I hope this is clear but if not please bring out the questions we are all learning. i must admit i have also learnt a lot from these questions.Meanwhile am still waiting for someone to answer my question under the IAS 21 thread.

narh07
02-05-08, 06:42 PM
Vivie, I have looked at your answer for about 2 hours now, trying to understand why you chose to calculate the goodwill separately. I think you are missing the fact that Goodwill must be calculated in the eyes of the group and not individually. Even if you choose to look at it that way, you cannot calculate the goodwill on the acquisition of Alvin by Cherep as the amount(13.3%)would only be looked at as an ordinary investment. Alvin only became a member because of Lombe's acquisition of its shares. Therefore, Goodwill on the acquisition of 'A' must be looked at in the eyes of the group:that is, the cost of Investment to the Group less the Group's Share of the Fair value of Net Assets of Alvin(this would be the effective interest).

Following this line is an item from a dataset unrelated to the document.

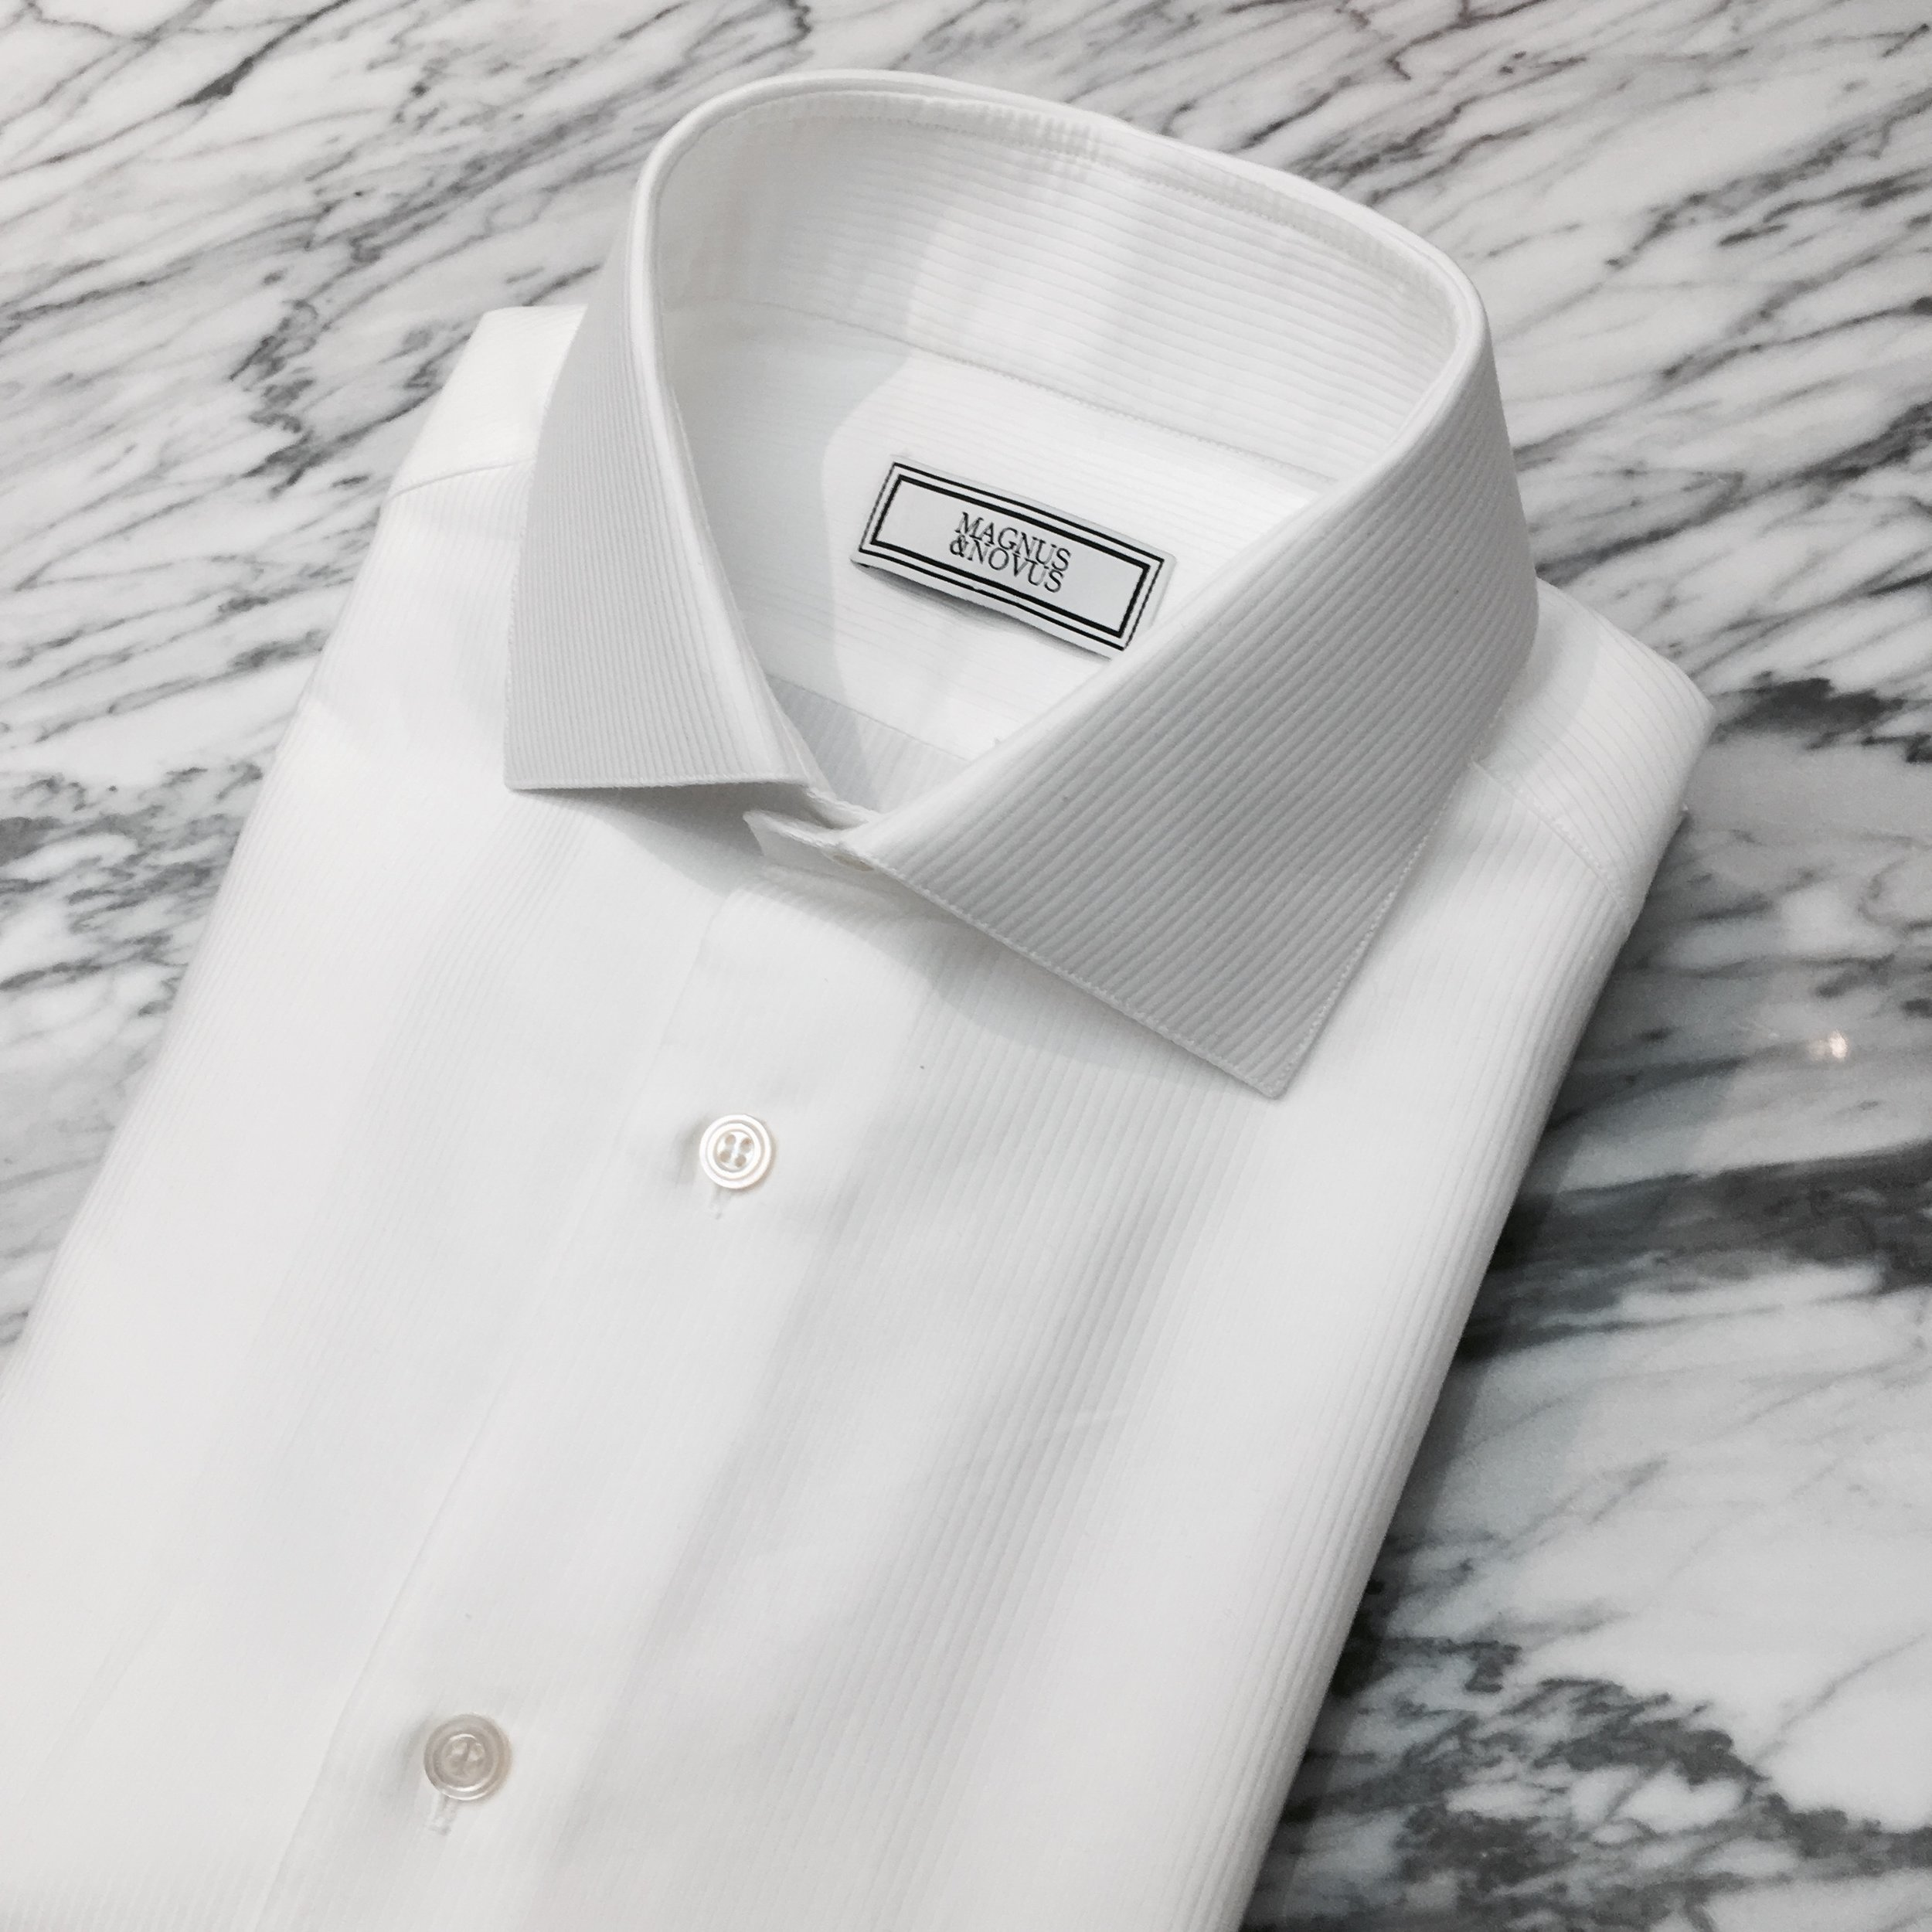 Magnus & Novus x Alumo - Bespoke Dress Shirt
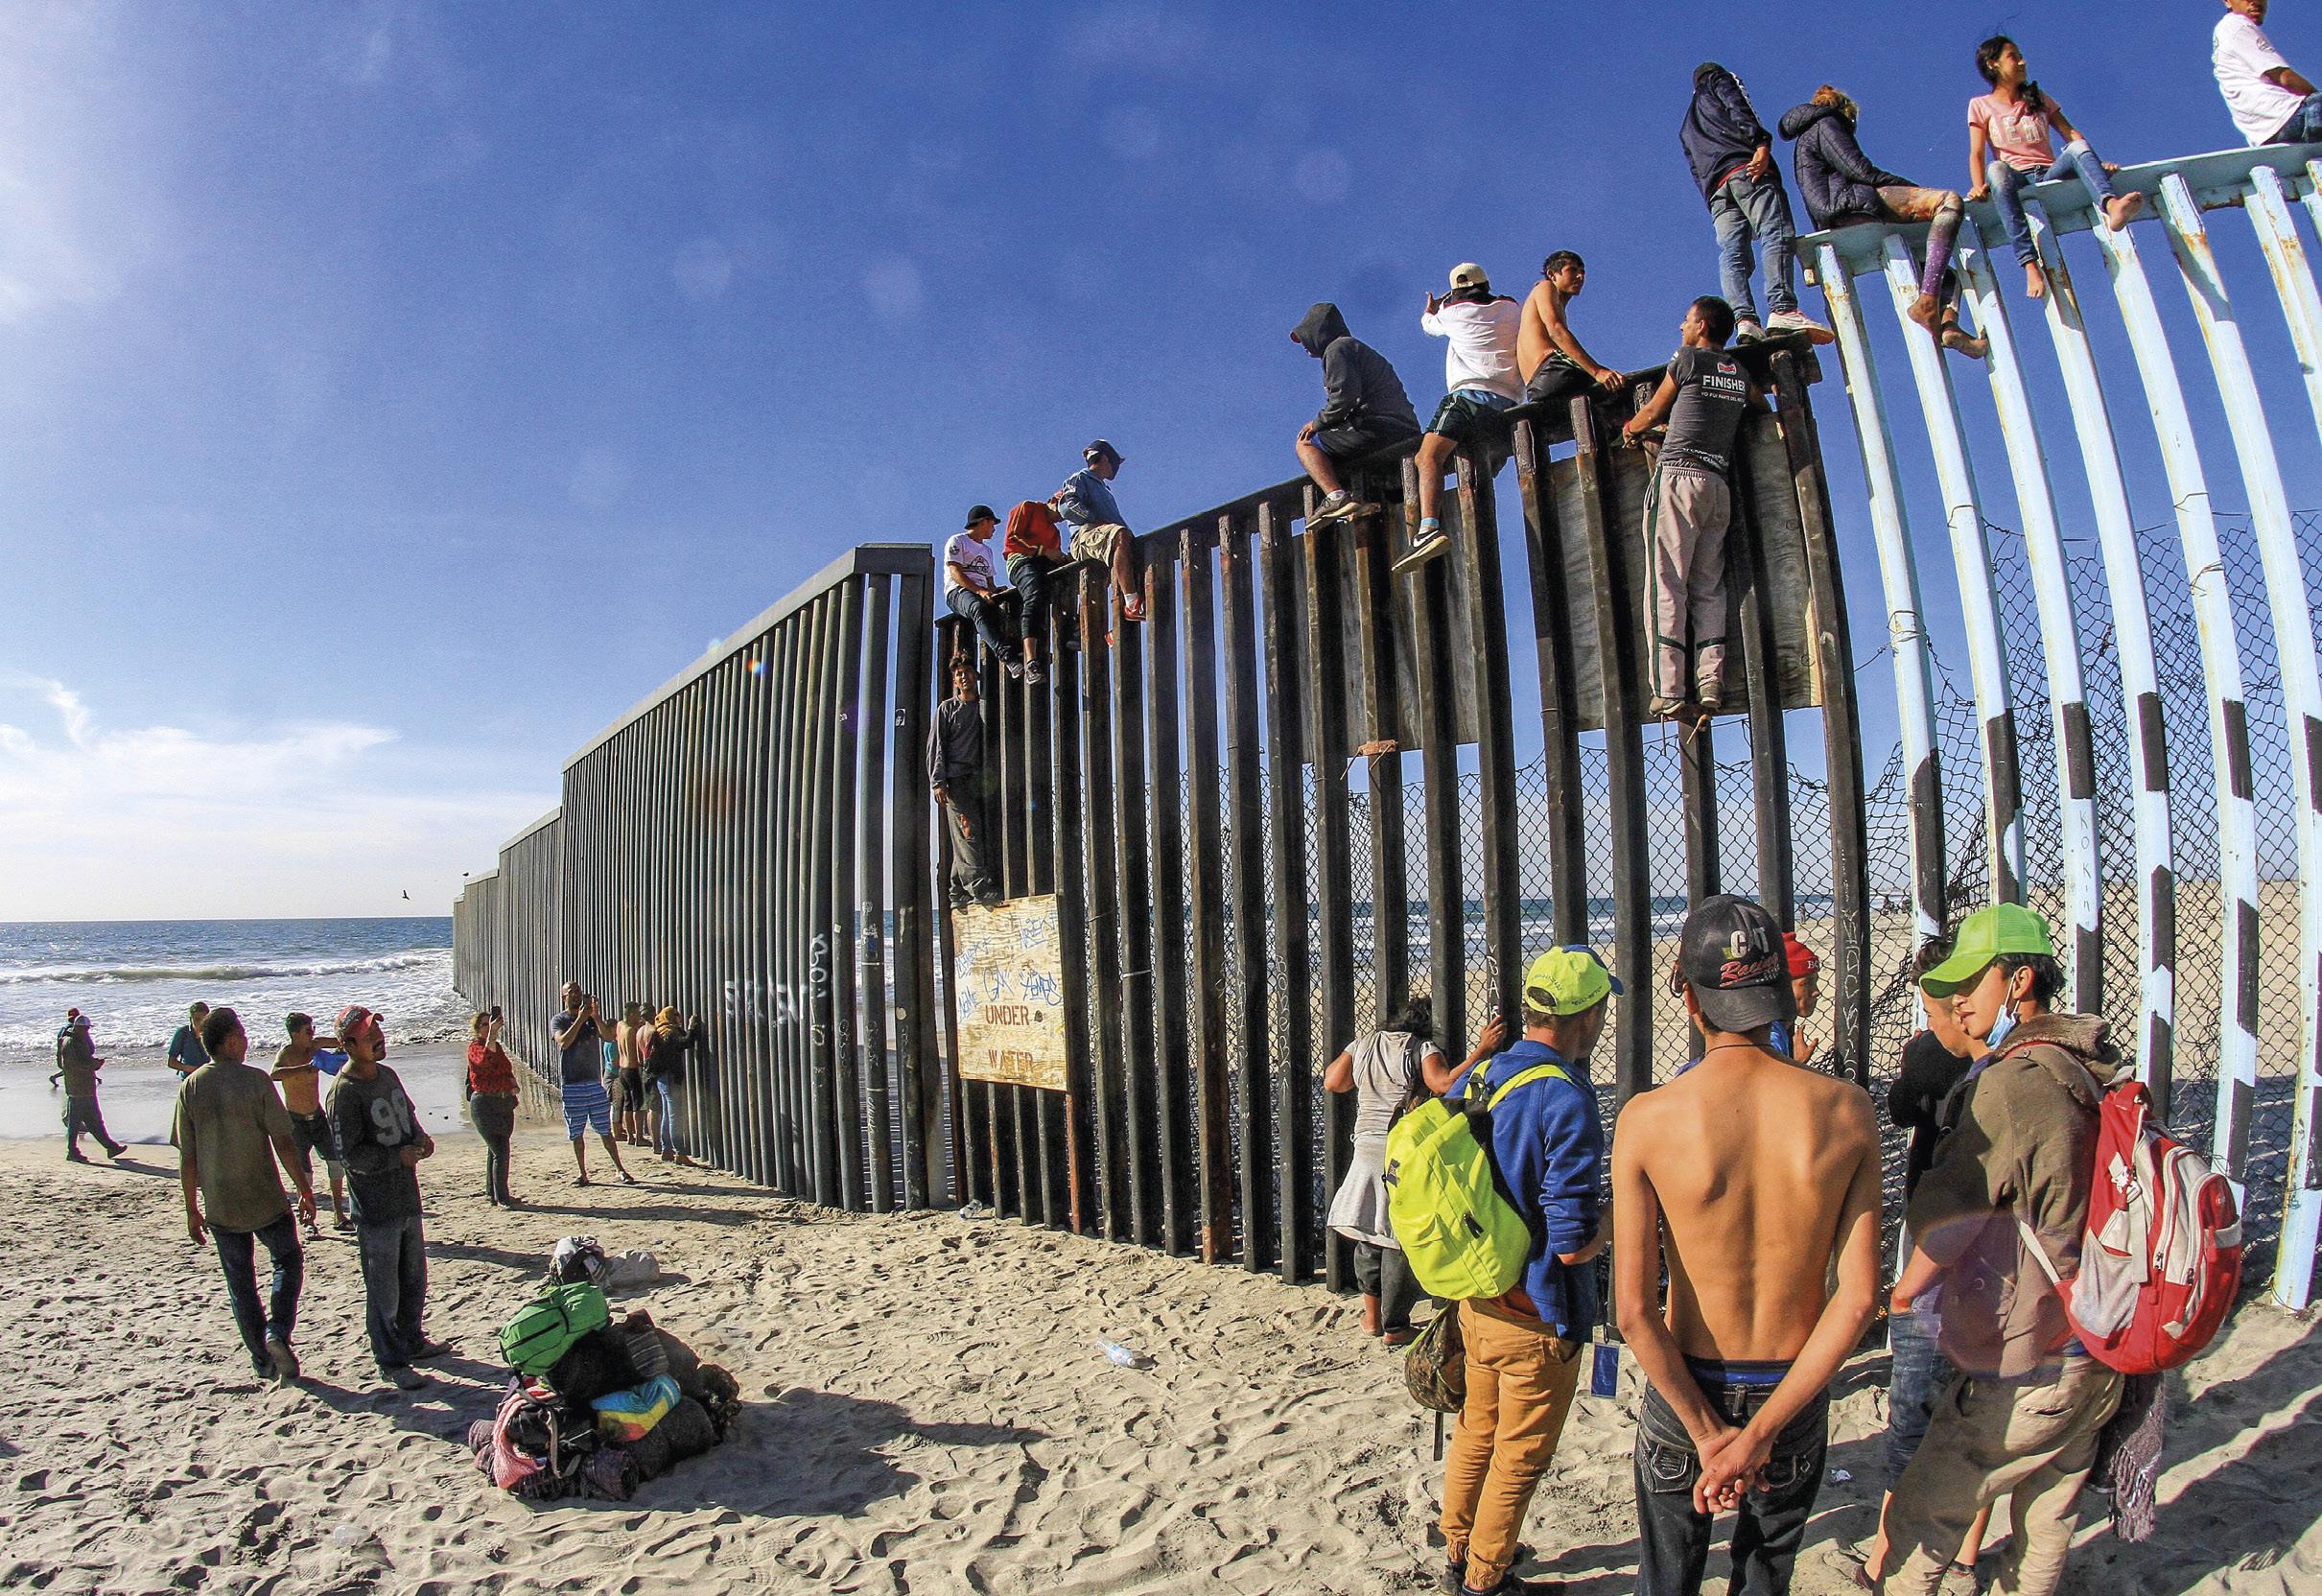 Caravana de migrantes centro-americanos escalam o muro da fronteira entre o México e os Estados Unidos, em Tijuana, novembro de 2018. EPA / JOEBETH TERRIQUEZ

I would suggest you review this area carefully as it could be very confusing.

Vivienne
03-05-08, 06:32 AM
Thanks narh for your comments. looking at the points that you have raised you are missing one point that Cherep and Lombe acquired shares in Alvin at the same time, this is a very important statement.go back to the question again. i agree with you that the only time when you remove the cost of investment of the subsubsidiary is when the parent buys an existing group in this case if Cherep had bought Lombe after it had already acquired Alvin.goodwill in this case is calculated as one as you have to remove the cost of investment of the subsubsidiary and then use the effective interest as well. but this is not the scenario here, looking at the notes in the question again we are told that Cherep and Lombe bought shares in Alvin at the same time therefore there was no existing group between Lombe and Alvin before .Alvin did not only become a member because of Lombe's acquisition of its shares as you are stating.we are told that Cherep and Lombe Acquired shares in Alvin at the same time.so Cherep also acquired shares in Alvin.go to goodwill 1 and 2 and check the different scenarios and you will see the differences.and again look at the question because it was ammended.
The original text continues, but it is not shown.